It didn't bother me that Dale had disappeared. In fact, at the time, it seemed funny. I remember Clarence almost double in over laughing, thinking that Dale was pulling a trick or something. Clarence and Fred went forward next, hands outstretched like they meant to touch them, as they laughed and slurred their words. They were laughing and joking, saying how they wondered if the lights would be cold or hot, then they both disappeared and it was just me.

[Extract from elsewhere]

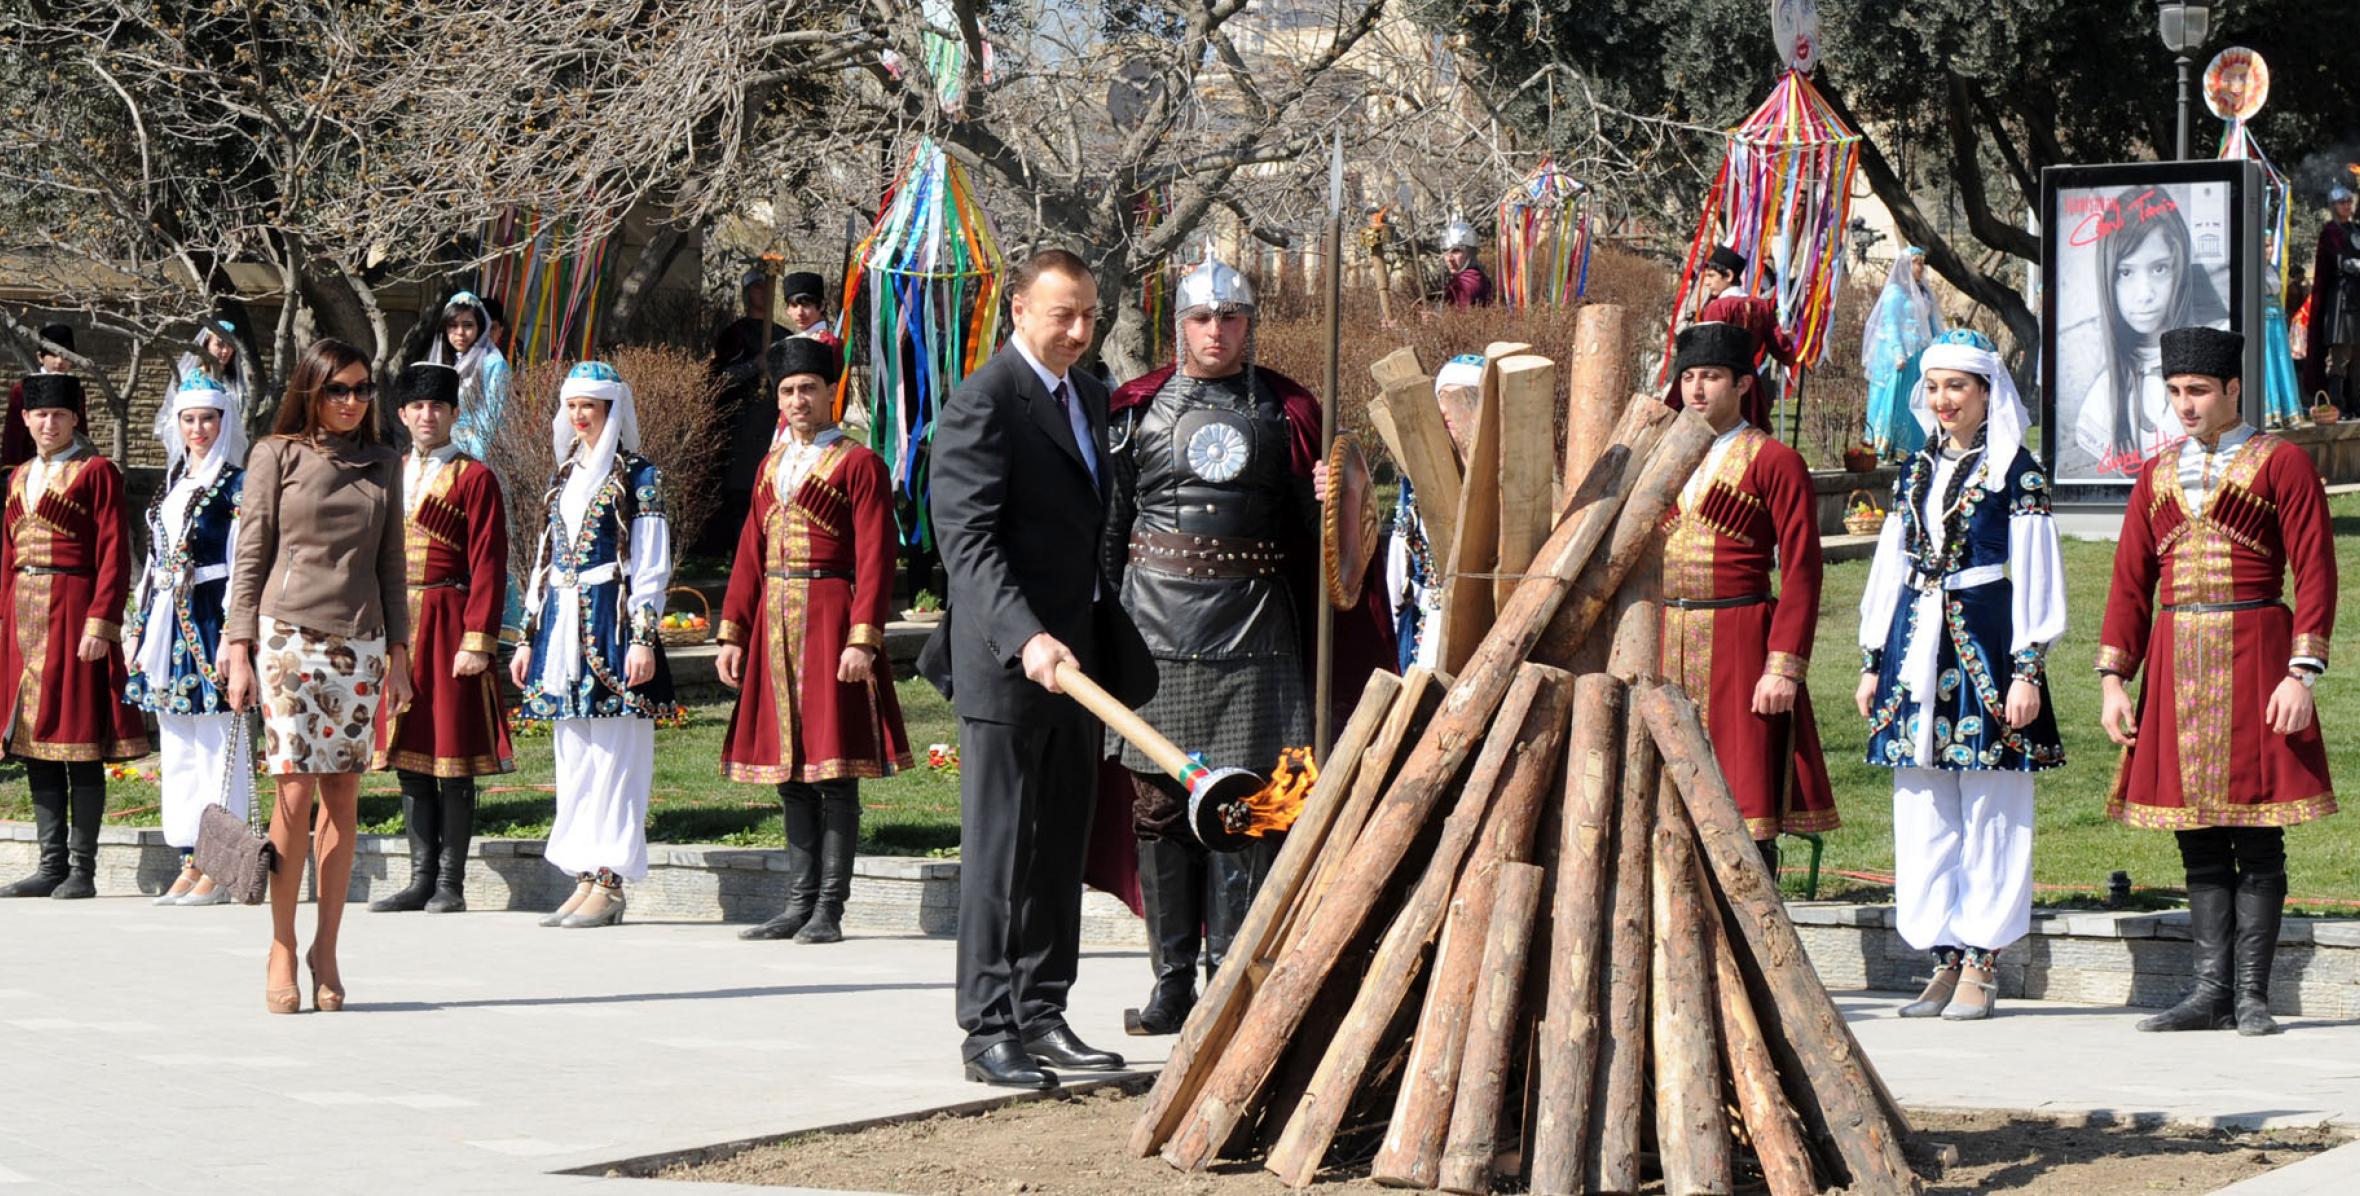 Ilham Aliyev took part in nationwide festivities on the occasion of Novruz holiday
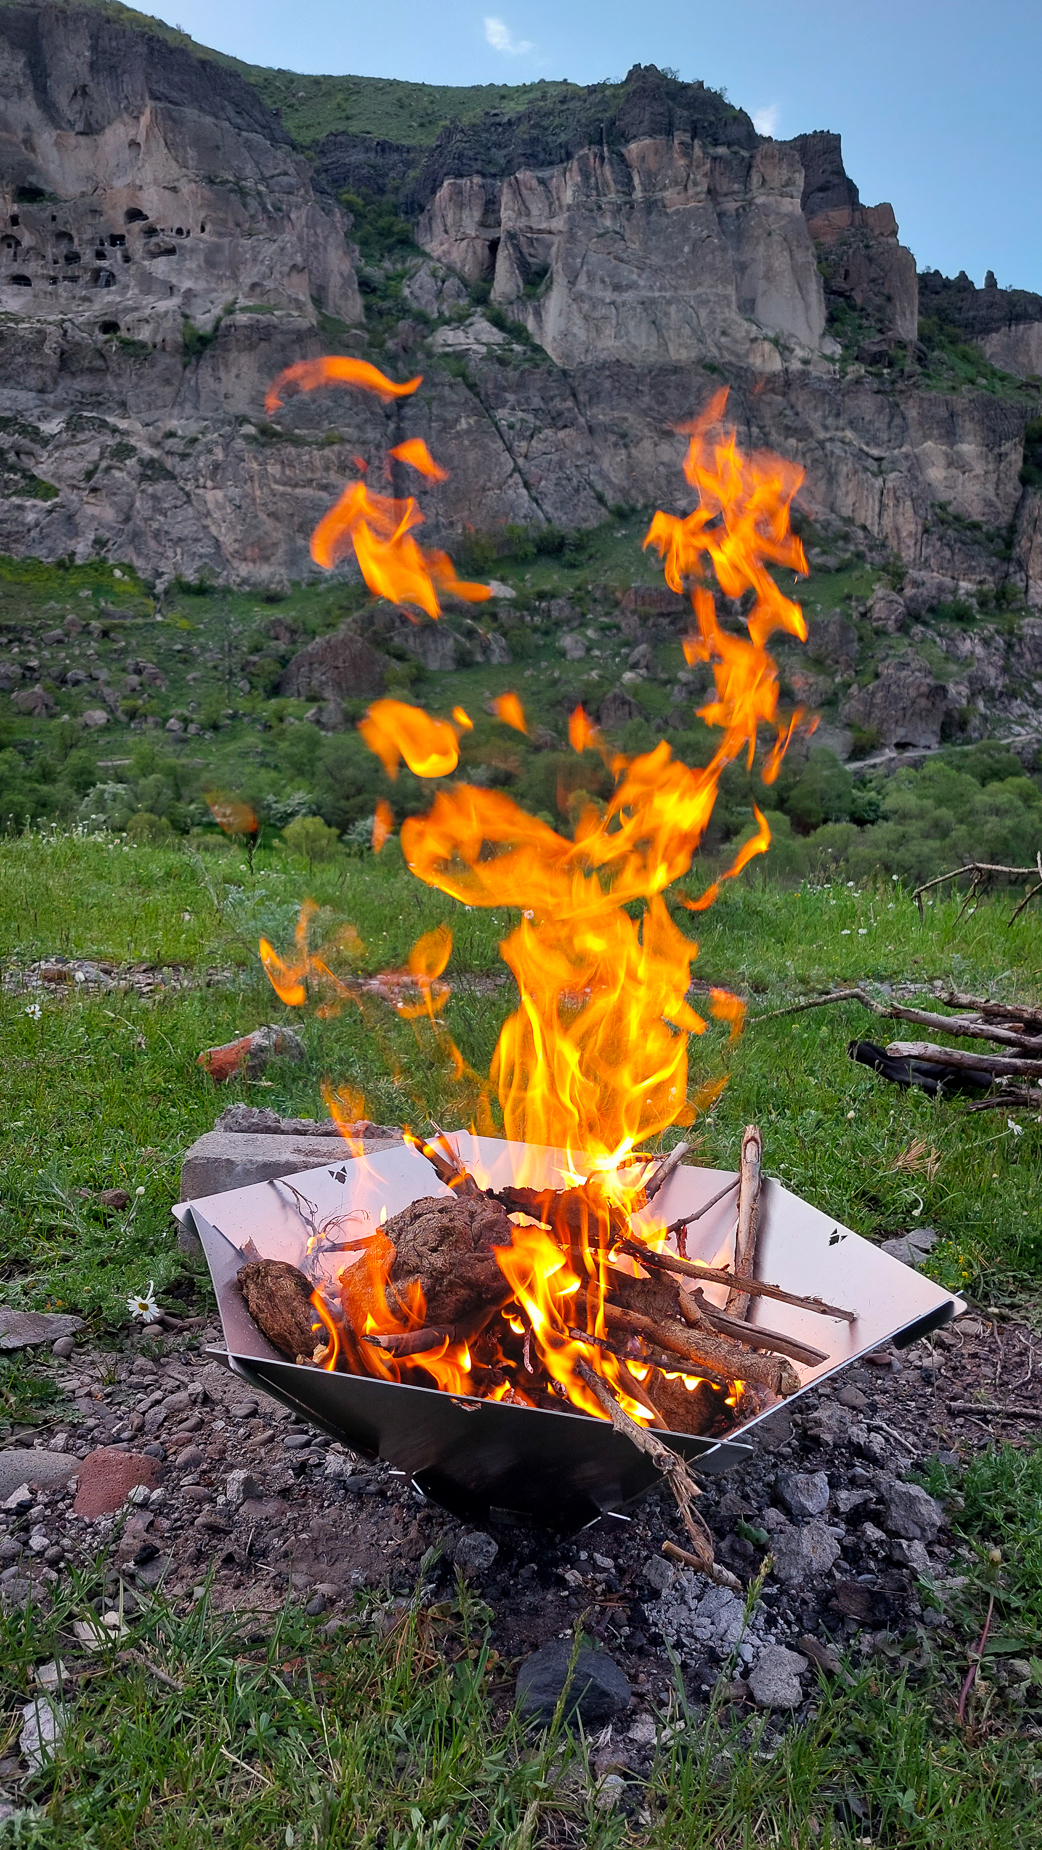 <span  class="uc_style_uc_tiles_grid_image_elementor_uc_items_attribute_title" style="color:#ffffff;">here and there we make a camp fire</span>

I would've gone with Clarence and Fred, but the need to make water had overtaken me. In my drunken state, I hadn't even been able to get my pants down, and as I wet myself, the lights kept talking to me. They wanted me to come to them, they wanted me to touch them, they wanted me to see what they had for me. I wasn't afraid, far from it. I wanted to go, I wanted to see them, and I wanted to see where my friends had gone. I knew that the lights had made them disappear, and I really wanted to see where they had gone to.

If that rock hadn't been in my way, we wouldn't be having this conversation.

Mostly because I'd be dead, and you would've never been born.

The rock seemed to grab my foot, and I went down hard on my face. As I fell, the bottle I had been holding smashed, and I felt my hand get wet and painful as the glass sank into it. The voices in my head changed then, and I heard the worst screaming of my life. It was like the pits of hell had opened up, and I could hear all the tortured souls within. I looked up, and I could see the lights pulsating very fast, hurting my eyes, hurting my brain, and I put my face down in the dirt and waited for all that screaming to be over.

When I came to, it was morning time, and my hand was on fire.

The alcohol had worn off, and as I looked around, I could see the lights and the mist from the night before were gone. I was facedown on the forest floor, my pants stiff from having dried that way, and my hand hurting something fierce. As I got up, though, these things were nothing next to the surprise that awaited me.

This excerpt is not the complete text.